Handia is a village in Madhya Pradesh state of India. It is located in the Handiya block and tehsil of the Harda district. Handia is located on the left bank of the Narmada river; Nemawar is located on the opposite side, which belongs to Dewas district.

Handia was a prosperous town during the Mughal period. After the Maratha conquest of region, Harda replaced it as the most important town in the area, and Handia was reduced to the status of a village.

==History==

In the Mughal chronicles and early British records, the name of Handia often appears as Hindia. During the Mughal period, Handia was a sarkar (subdivision) comprising 23 mahals (smaller divisions), including Harda. The Mughal-era chronicle Chahar Gulshan (1759 CE) mentions Golconda-Asir-Hindia and Hindia-Sironj roads among the 24 important roads of the Mughal empire. Mulla Do-Piyaza was buried in Handia, and his tomb is located here.

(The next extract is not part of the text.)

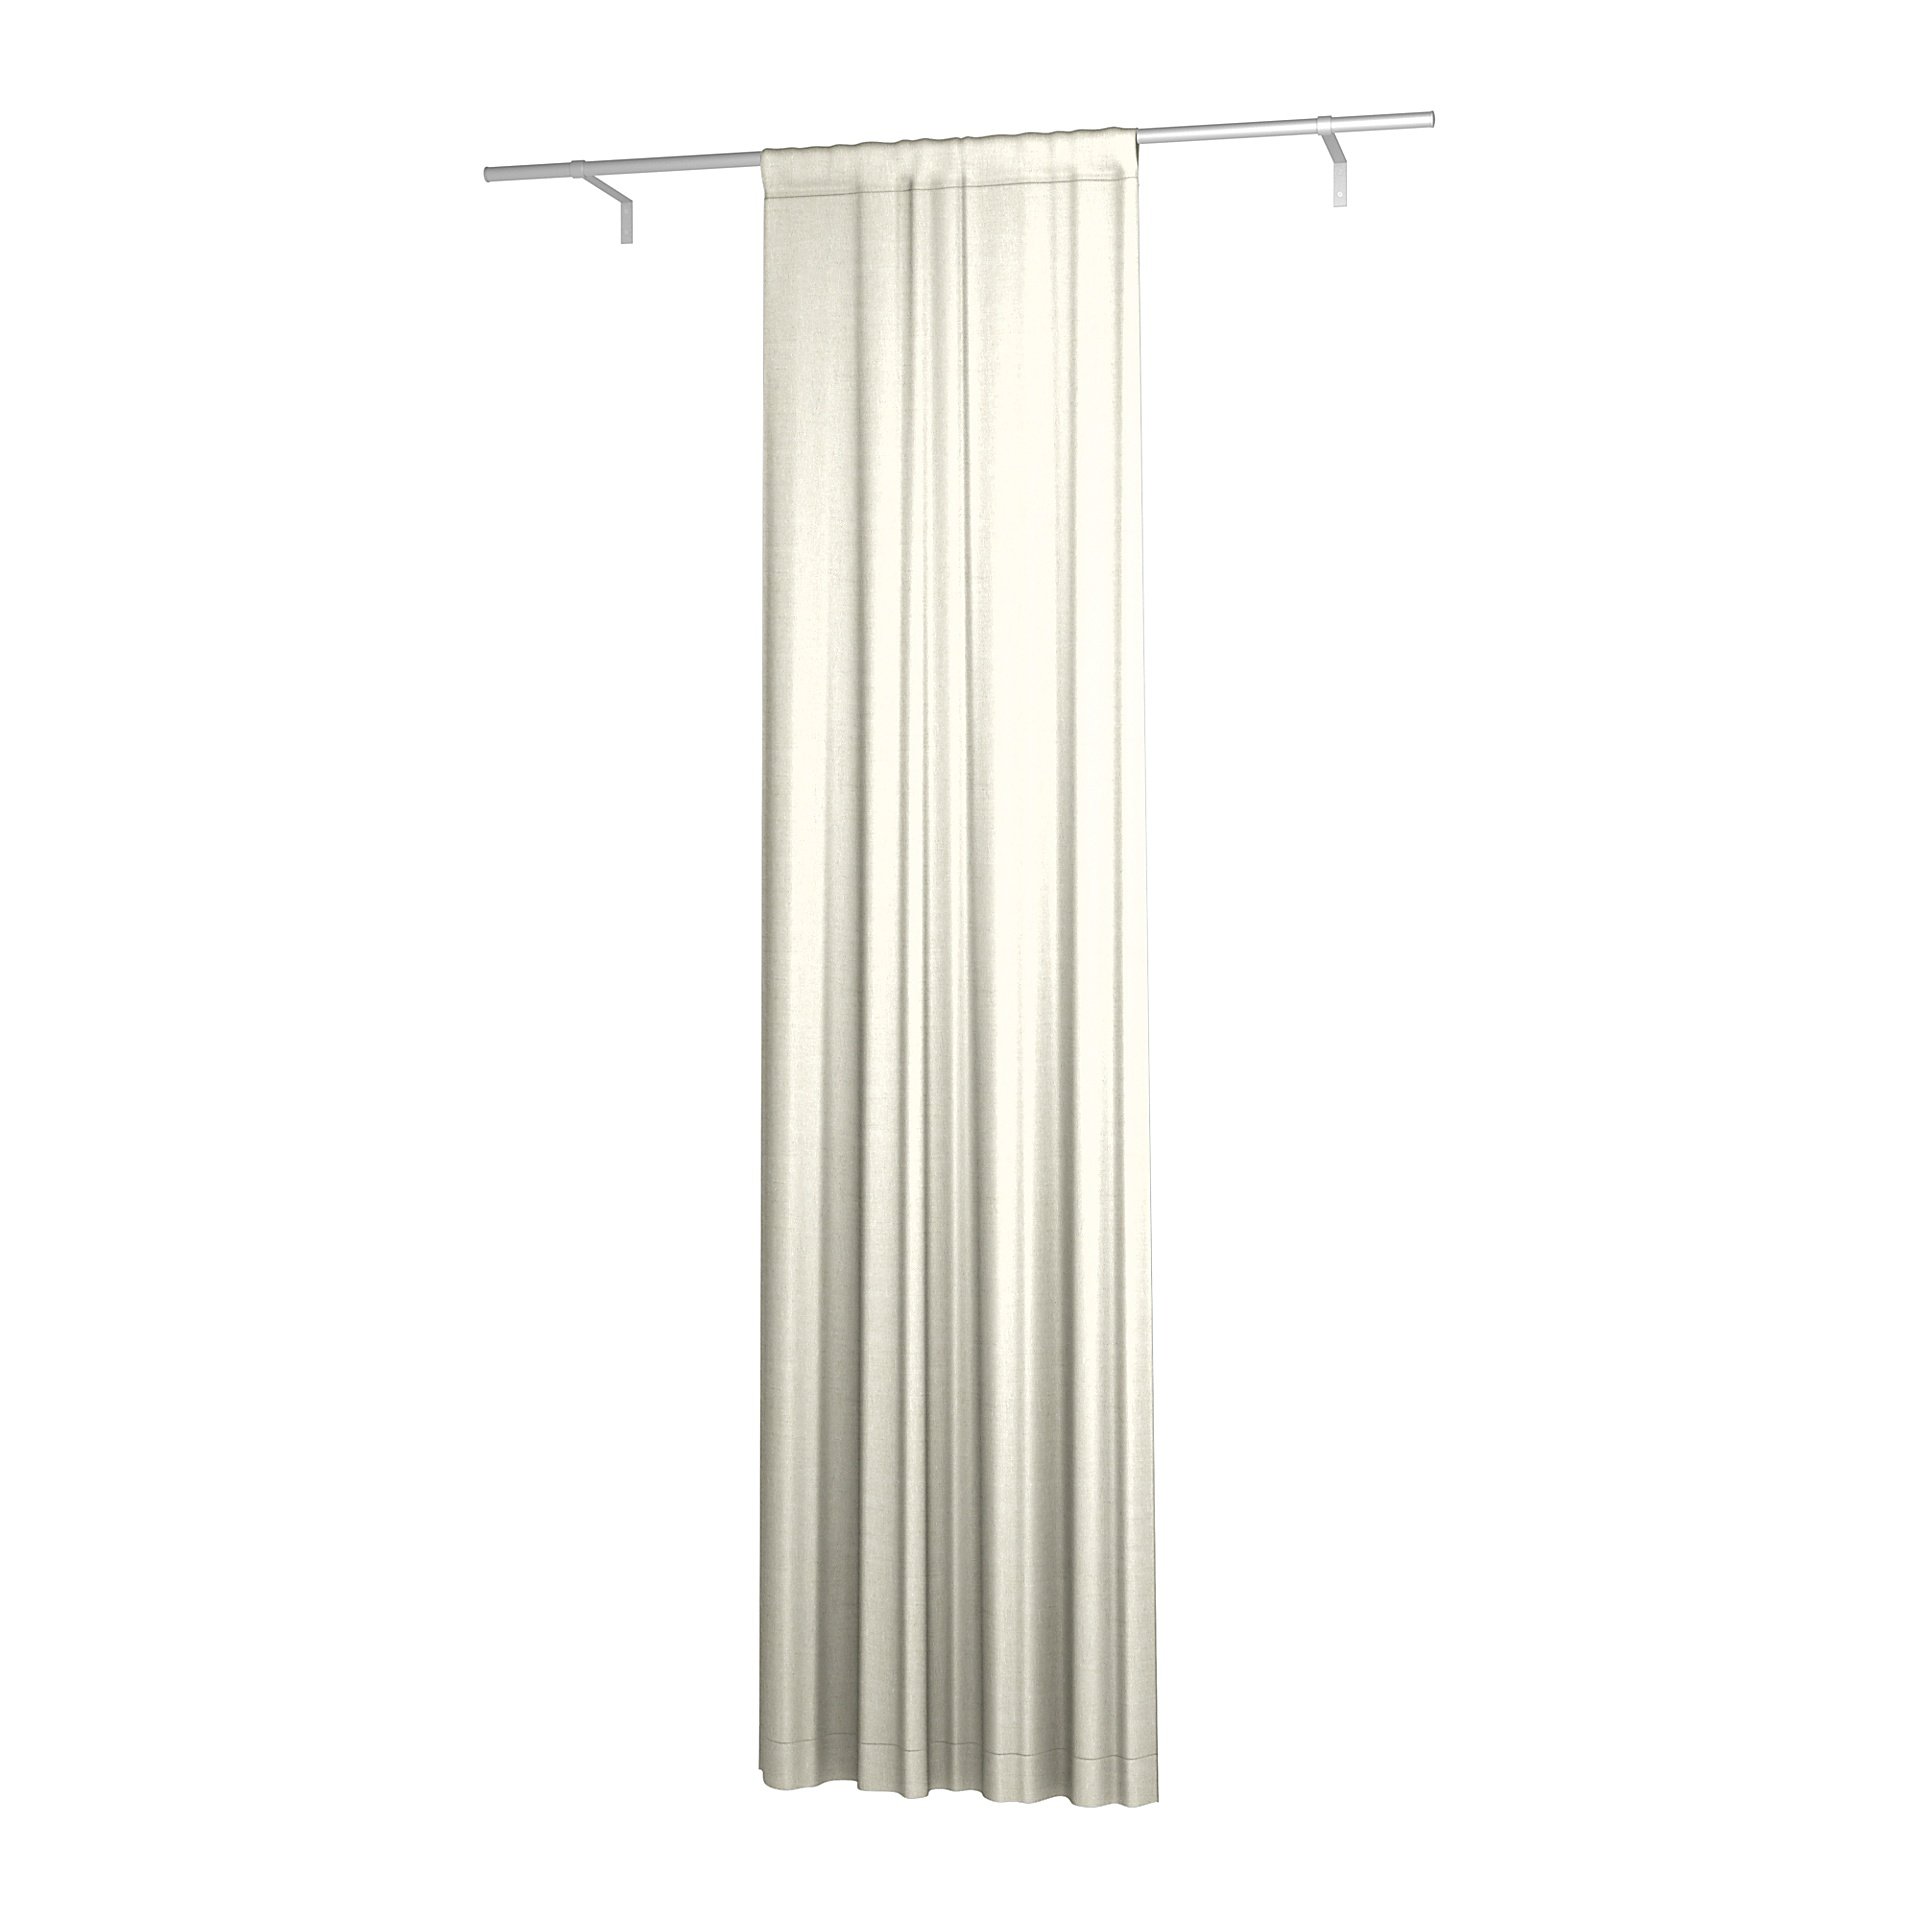 Single Width Curtain Panel with Tunnel/Creaseband, Lined, Customized, Natural, Linen - Bemz

In 1742, Marathas led by Peshwa Balaji Baji Rao captured the area, and displaced the Muslim governor of the Handia sarkar. Subsequently, Harda replaced Handia as the most important town in the area, as the local Maratha amil (chief) resided at Harda. The British East India Company invaded the area during the Third Anglo-Maratha War and took control of the local fortress for a brief period. The English author Carnaticus, writing in 1820, states:

Hindia was formerly a town of considerable note, but now only bears the ruinous and decayed vestiges of its ancient extent and splendour.
— Carnaticus, Summary of the Mahratta and Pindarree Campaign (1820)

Even after the Maratha defeat in the war, the Scindias retained control of the Harda-Handia tract. Handia was the headquarters of a district in Daulat Rao Sindhia's kingdom. The area was ceded to the British in 1844, but the cession was completed only in 1860. It was a part of the Hoshangabad district, until the Harda district was carved out in 1998.

== Demographics ==

According to the 2011 census of India, Handia has a population of 4221, which includes 2196 males and 2025 females. The effective literacy rate (age 6 years and above) is 78.2%.